Вытянутый персонаж: Ямато
Саммари: К каким поледствиям может привести обоюдная любовь к весне.
Авторские примечания: ООС (ну наверняка же), АУ от канона, тараканы автора…
Размещение: с разрешения автора
Фанфик был написан на Мартовский фестиваль
читать дальшеНежные хрупкие ветки весной тянутся ввысь, к солнцу. Они напоминают ослабленные руки, нашедшие лекарство для исцеления. Их полупрозрачные малюсенькие листы колышутся на ветру, наполняя воздух мягким перешептыванием, от чего замираешь вдруг и слушаешь. Слушаешь, слушаешь, как зарождается и крепнет обновленная жизнь. Время обычно такое, когда нежное персиковое небо начинает показывать свой бок сквозь покров тёмного савана - раннее утро. Или же, наоборот, поздний вечер, когда все яркие краски уходят с горизонта, уступая место насыщенно синим тонам, отдающим в черноту. Главная особенность и первого, и второго часа суток - малолюдье, чтобы никто, особенно в минуты наполнения благодати, не потревожил желанный покой. Хотя уединиться настолько, чтобы мир звенел от тишины, не удавалось никогда. Не то место, не то окружение - и металось в душе птицей, рвавшейся на свободу. Но природа удивительно скоро и терпеливо залечивала нанесенные раны, будь они внутри или снаружи. Ласковой рукой матери успокаивала взбудораженные нервы. Казалось, что она дышит ветром, теребящим пряди, скользящие по лбу, и, если прислушаться, можно различить нежно-мелодичное "Тшш… тшшш", как своеобразную колыбельную, под которую невольно прикрываешь глаза. Не спишь, так – ресницы дрожат. И листва незнамо на каком уровне чувствует, бережно загораживая от уже жарких солнечных лучей. Лето в Конохе всегда наступает быстро. А в тени чуть прохладно, от чего по рукам начинают расползаться мурашки, но это даже хорошо. Весной больше воздуха и – жизни. Сердце мерно стучит, отзываясь на весь расцветающий мир, и продлить каждый миг хочется. Хочется, хочется сломать оковы, возродясь.

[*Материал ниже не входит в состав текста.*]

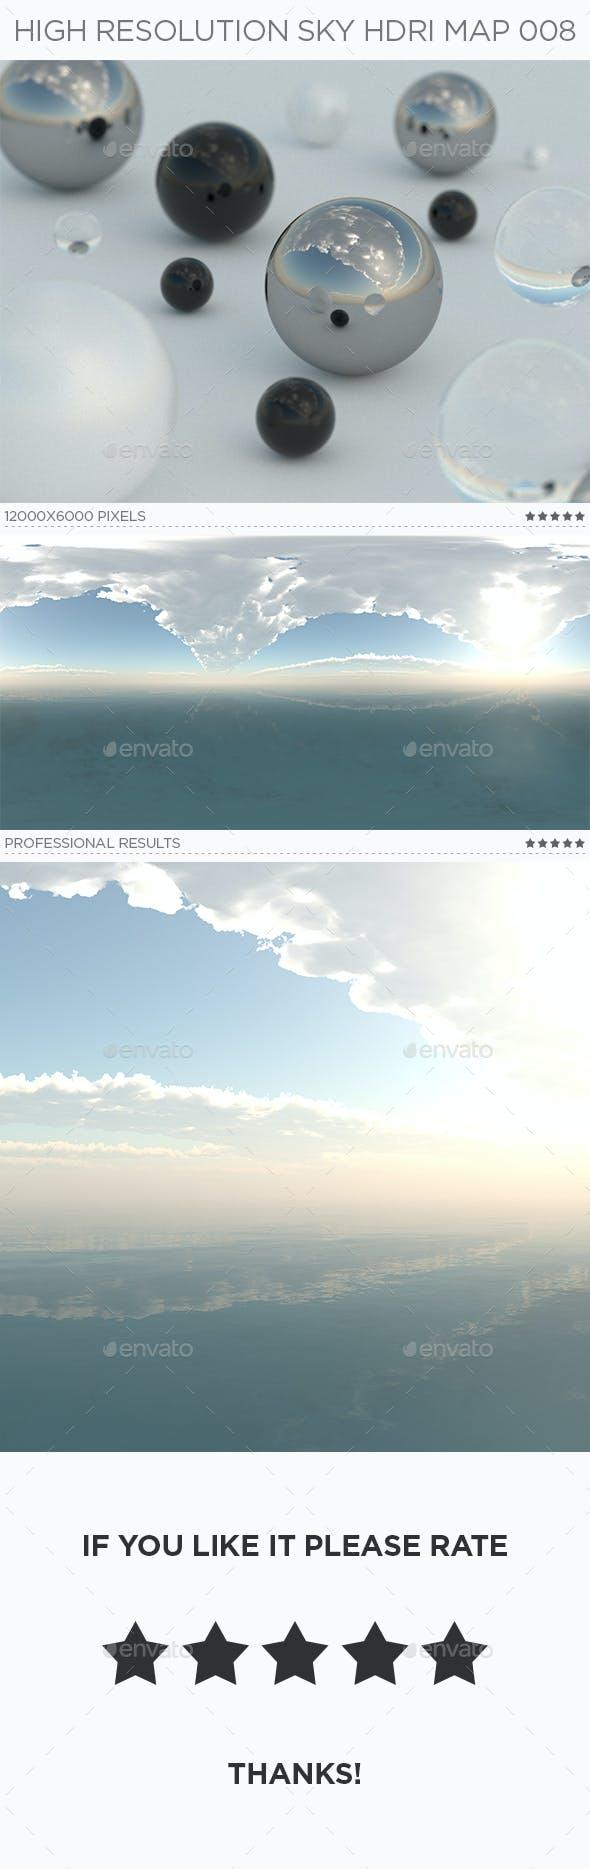 High Resolution sky HDRi Map 008 - 3DOcean Item for Sale

Неджи был тем, кто заперт в клетке, кому внушена покорность перед судьбой, с которой, как известно, не спорят. Но существовало ли что-либо еще за пределами порочного круга или это было замкнутым кольцом без права выбора? Люди клана говорили за первое, прикрывая откровенную ложь традициями, следовать которым они должны беспрекословно. Жизнь же давала ориентиры на второе, нещадно садня горькой правдой и мешая, мешая-мешая быть действительно счастливым при сложившихся обстоятельствах. Хотя мог ли он – имел ли право? – знать, что есть истинный путь блаженства и какие лишения нужно претерпеть для его достижения. Что нужно преодолеть, дабы начать двигаться в нужном направлении. Только вот куда идти, куда деваться, как жить – непонятно. Этого не объясняли на многочисленных уроках, об этом не говорили старейшины клана и даже в огромной библиотеке нельзя было это найти.

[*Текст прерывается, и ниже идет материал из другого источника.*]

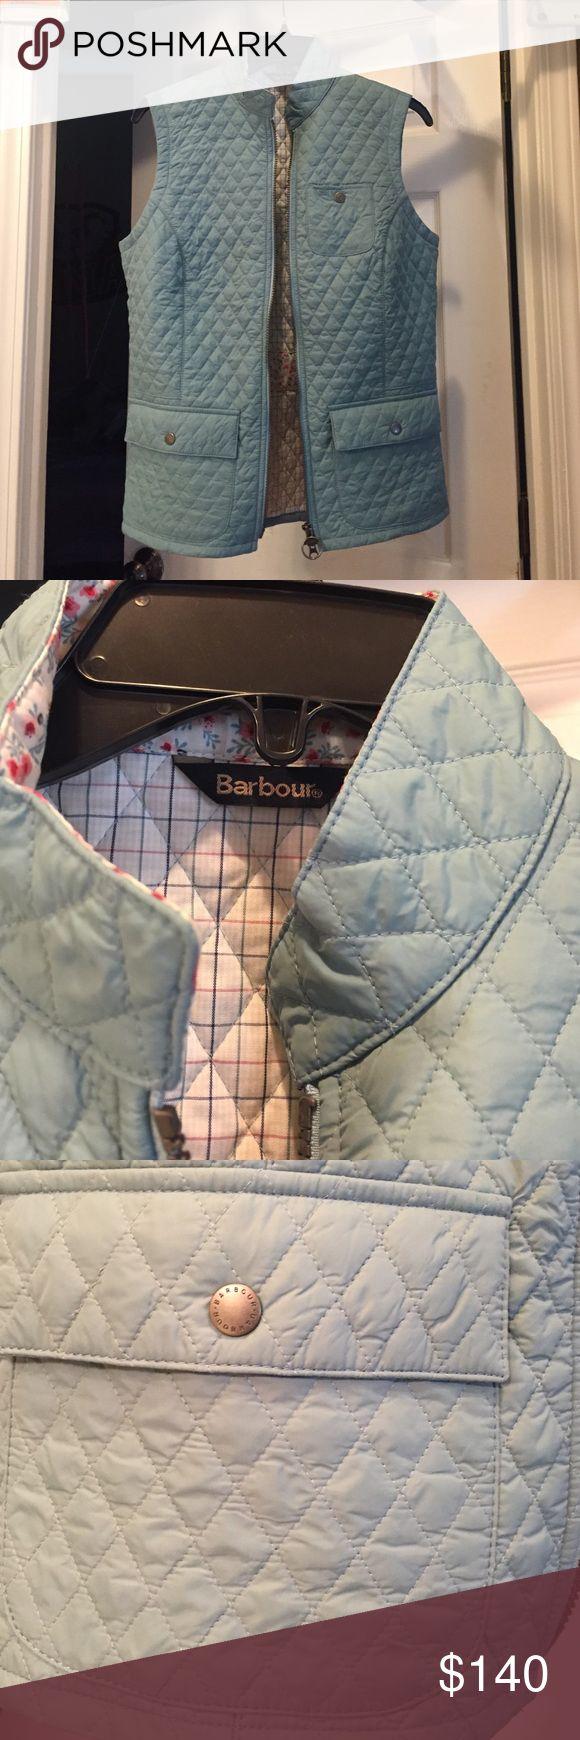 Barbour vest size 8! Gorgeous vest. Does run small, fits more like a 6! Gorgeous blue color! never worn, no problems! Barbour Jackets & Coats Vests

Иногда, когда внутреннее самовнушение переставало действовать, Нейджи задумывался над тем, что есть Судьба, долг, верность, можно ли верить вводимым понятиям. Данные мысли червоточинкой заседали в сознании, коррозией покрывая идеалы, от чего становилось настолько страшно, что вспыхнувшие образы тушились логикой и здравым смыслом, но искры продолжали тлеть на самом дне в ожидании. А потом внезапно расцветали в бьющее по вискам рассуждение, что люди клана – безвольные животные, рабы, не имеющие права на что-то "своё", уникальное, отличающееся от введенных канонов, и посаженные на поводок. Очень-очень короткий. Рассуждения пугали ещё сильней, но рубить их под корень, пусть и дрожащими от волнения руками, всё-таки получалось. Потом Нейджи долго сидел, согнувшись и обхватив голову руками: под протектором ныла печать.

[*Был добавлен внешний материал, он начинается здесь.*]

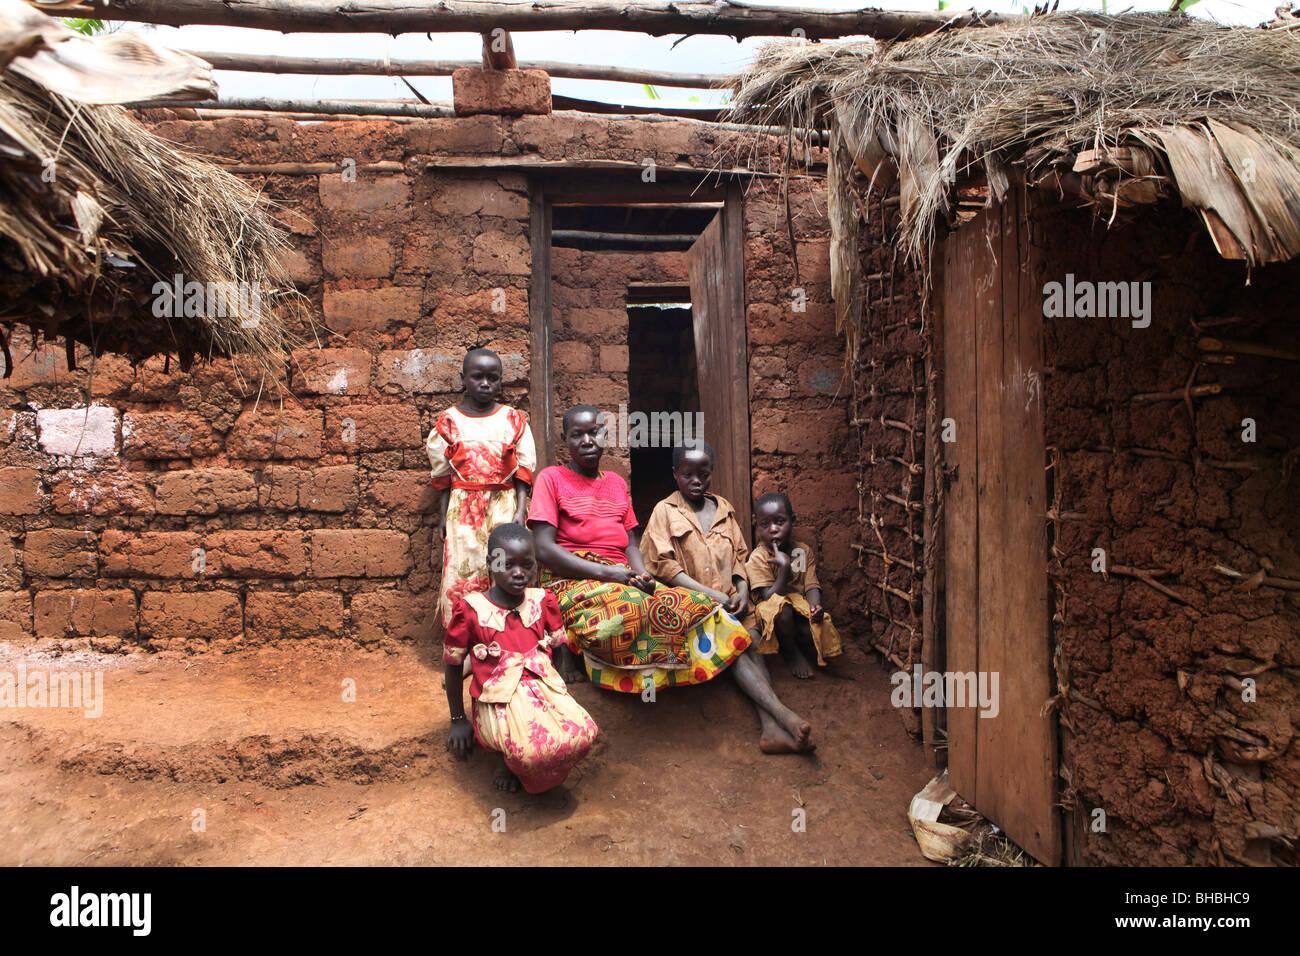 Africa african africans building building material burundi civil war conflict depressed depressing displaced displaced Stock Photo

Увидев юного гения клана Хьюга в первый раз, Ямато сравнил его с птицей. Красивой и гордой, с белоснежным оперением птицей, грустно смотрящей на мир сквозь прутья стальной клетки. Грустно, не с жаждой: со своей участью она смирилась давно. Причиной тому могло быть незнание, в принципе, воли при зовущем к ней инстинкте: стремиться в небеса из-за отсутствия как такового сравнения нужды не было, да и привычный уклад лучше неизвестности, но трепет внутри стимулировал как минимум вопрос "Почему так?" с проистекающим из него желанием проверить. Вот и маялась пернатая, окружающее пространство пропуская через себя как опасность и как некую необходимую к достижению цель. А время выбирать неумолимо приближалось.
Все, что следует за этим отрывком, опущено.